» **PROVIDED DATA**
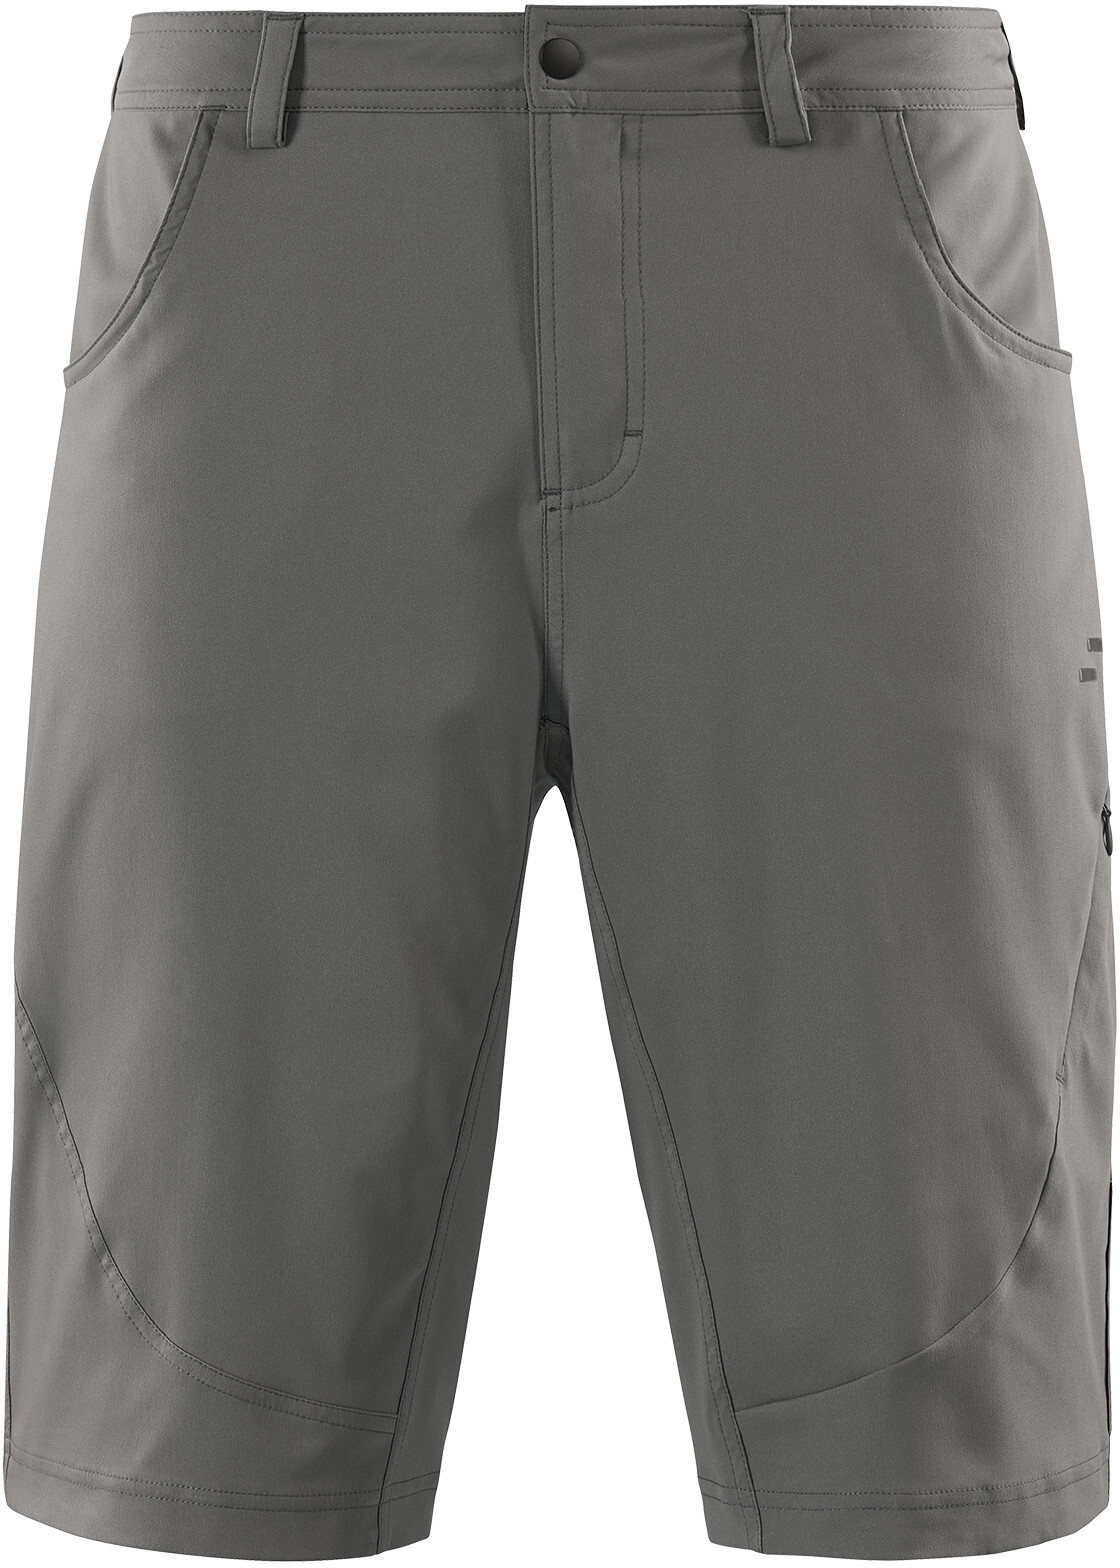 SQUARE Active Cykelbukser inkl. Inderbukser Herrer, grey (2020) | Trousers
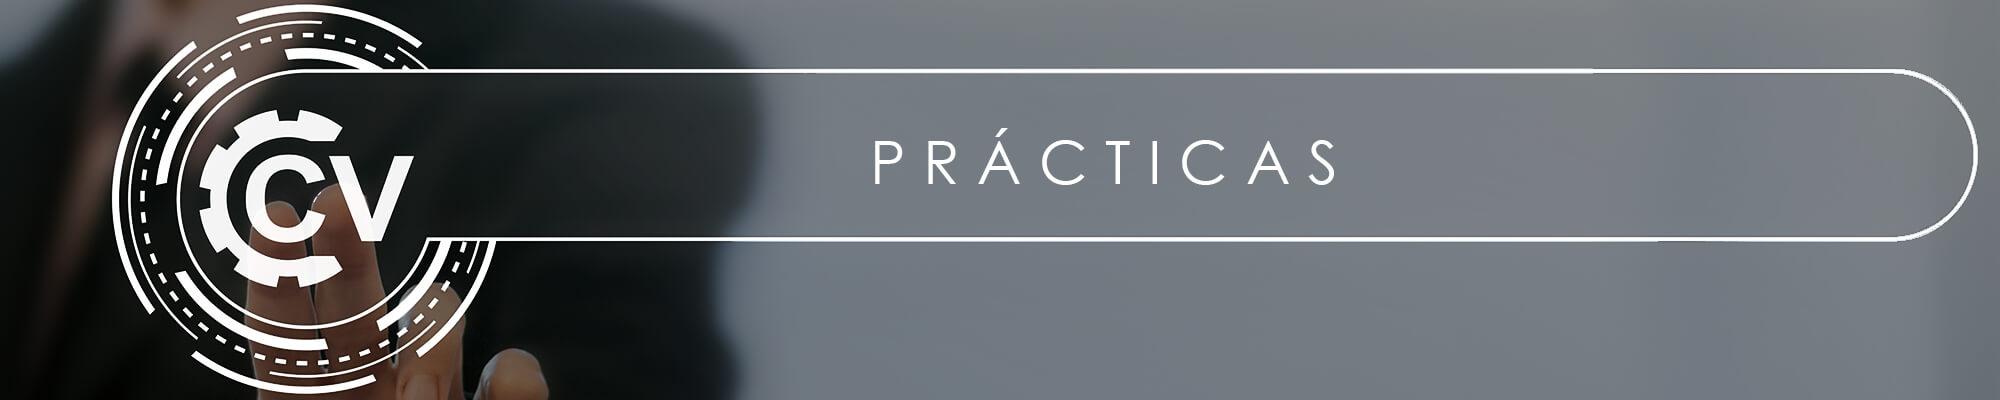 slide-practicas
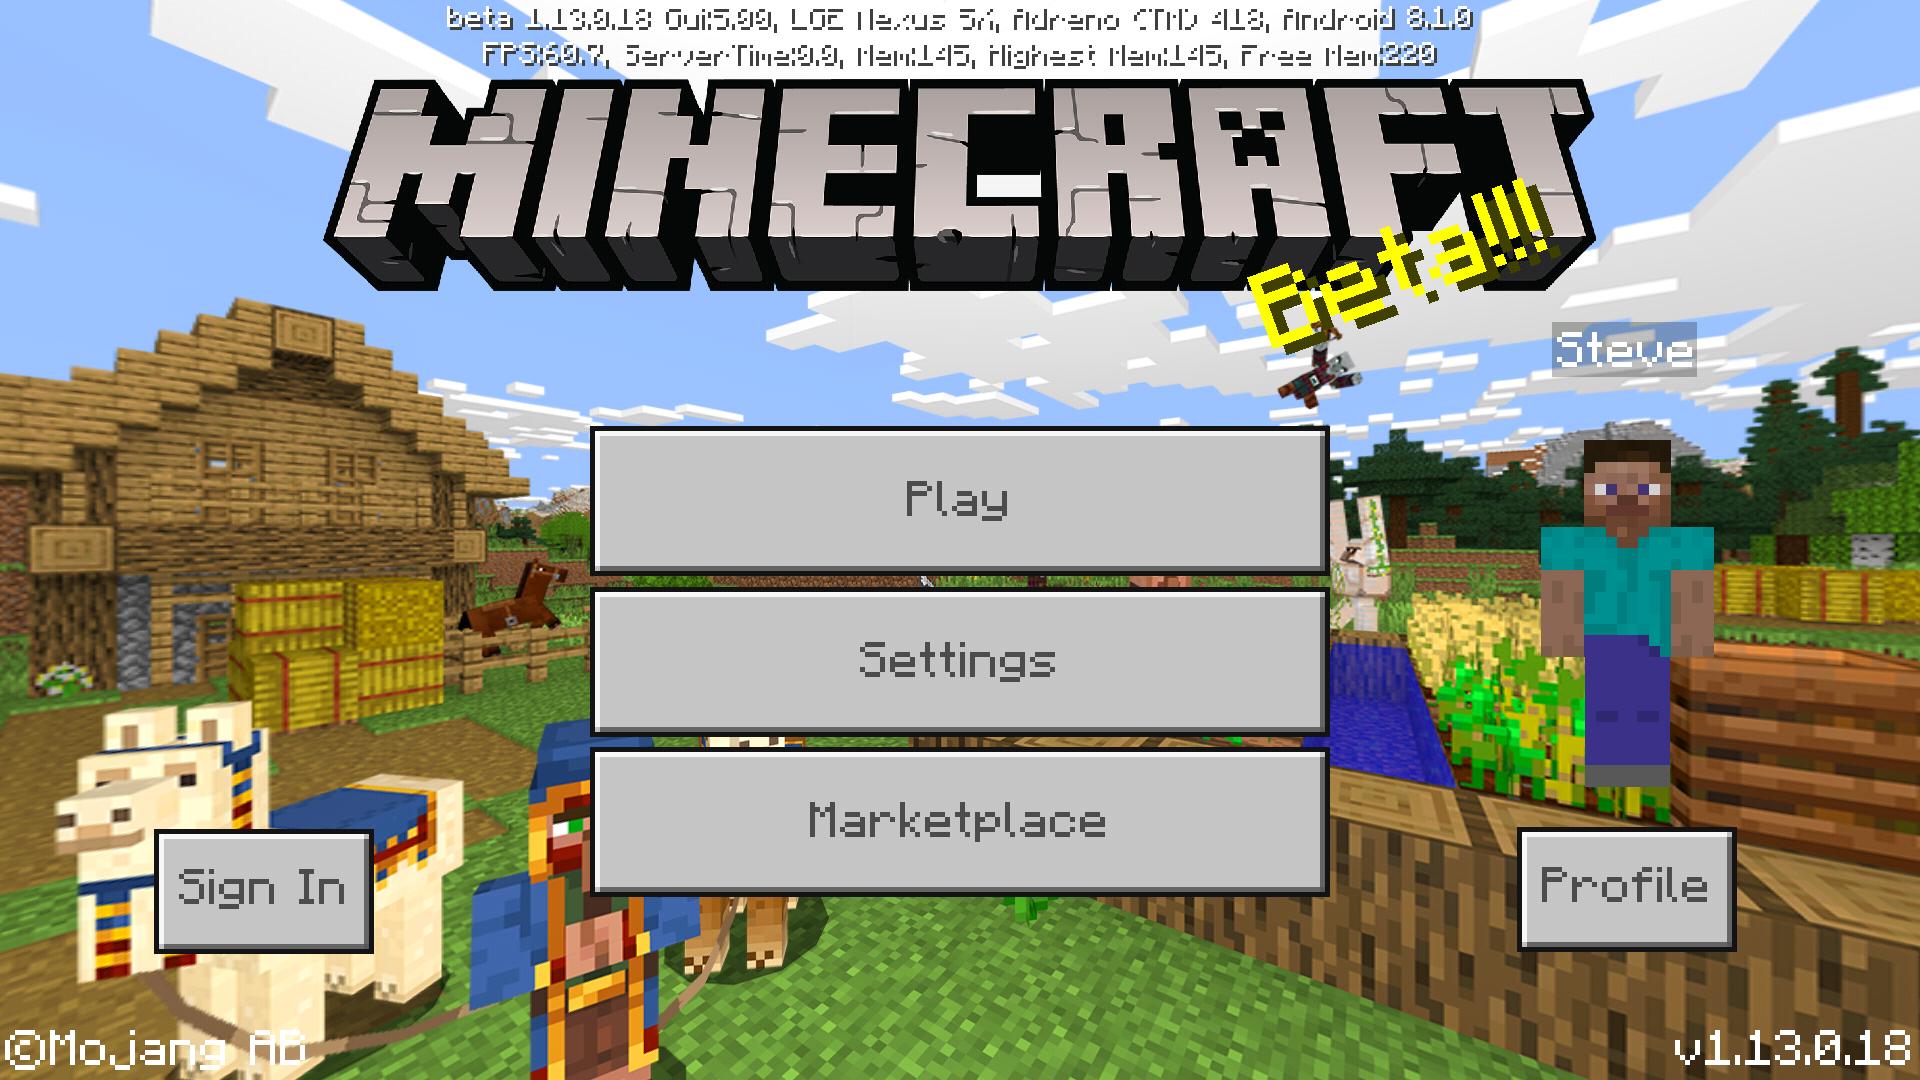 Bedrock Edition beta 1 13 0 18 Official Minecraft Wiki
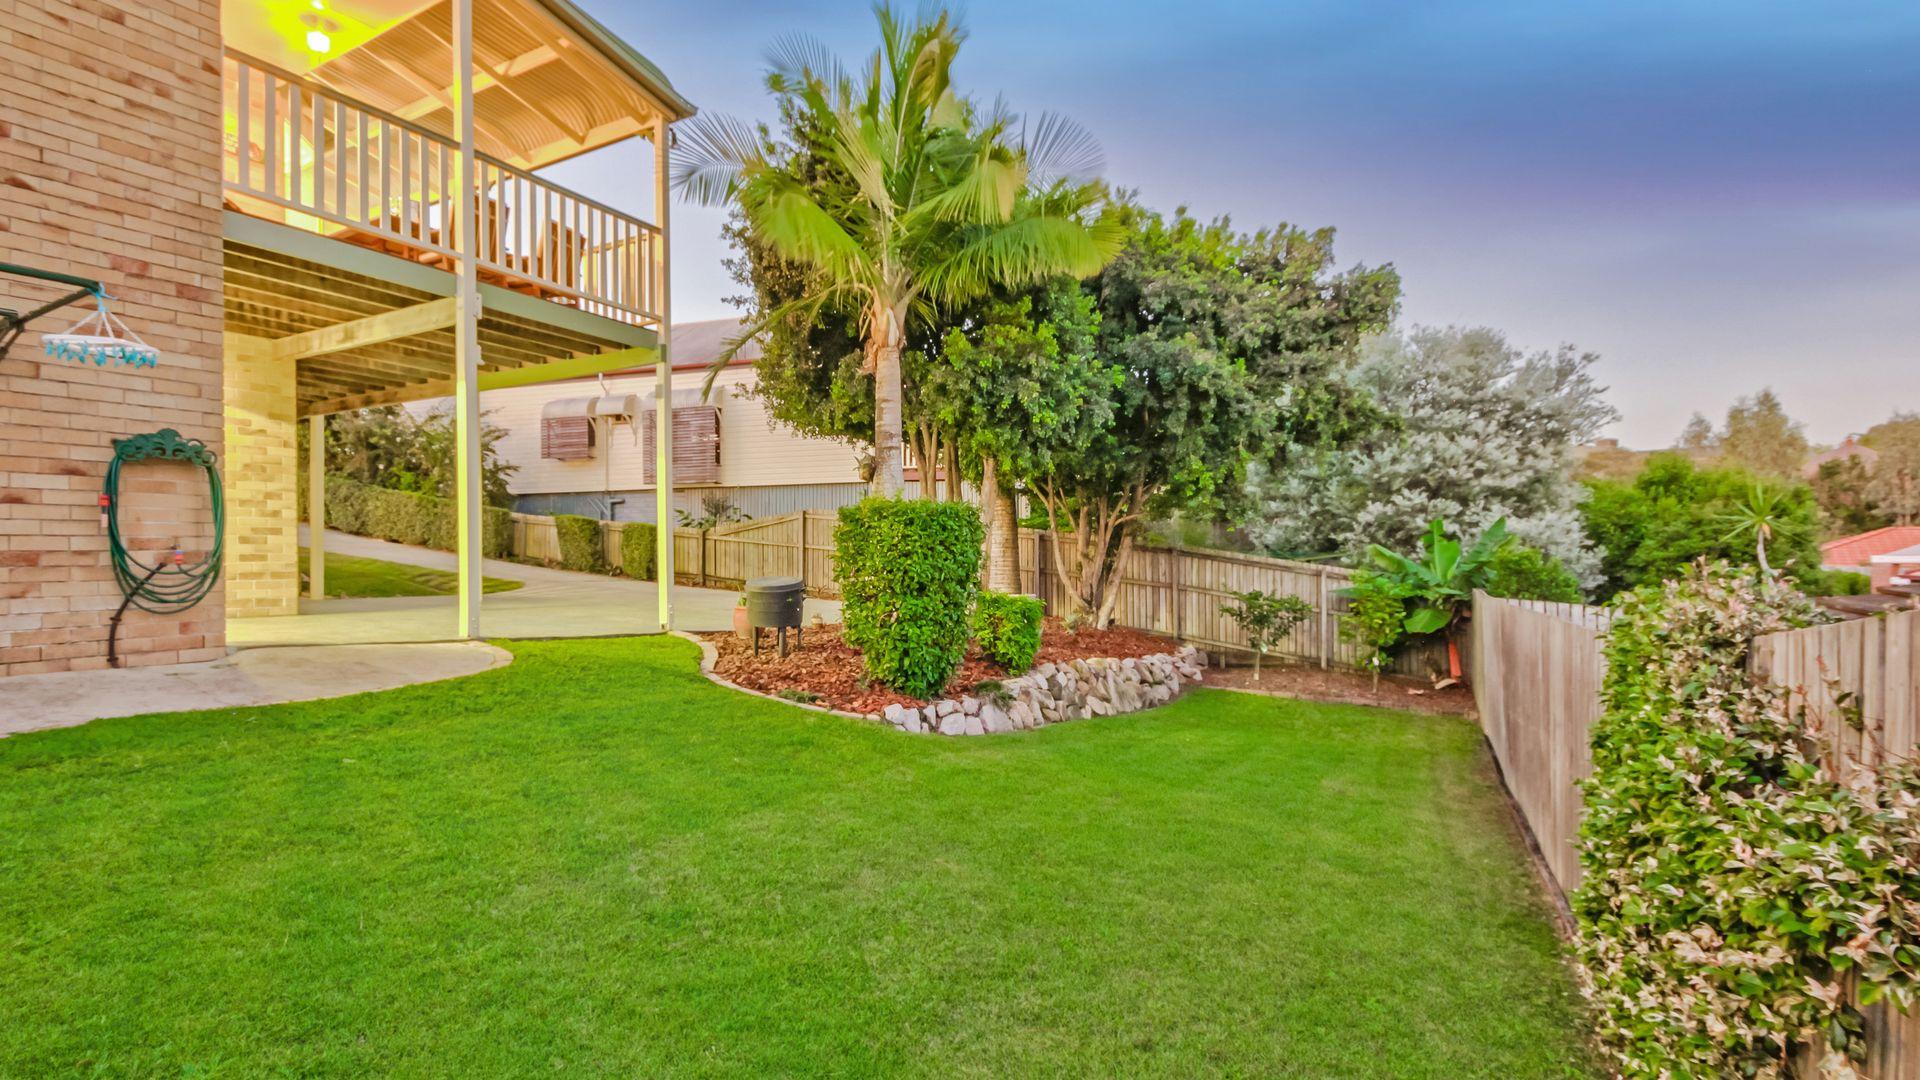 39 Hillenvale Avenue, Arana Hills QLD 4054, Image 1

» **WORK TO COMPLETE**
Only the pictures stay out; everything else in the listing above must be repeated exactly.

» **YOUR RESPONSE**
 SQUARE Active Cykelbukser inkl. Inderbukser Herrer, grey (2020) | Trousers
 slide-practicas
 Bedrock Edition beta 1 13 0 18 Official Minecraft Wiki
 39 Hillenvale Avenue, Arana Hills QLD 4054, Image 1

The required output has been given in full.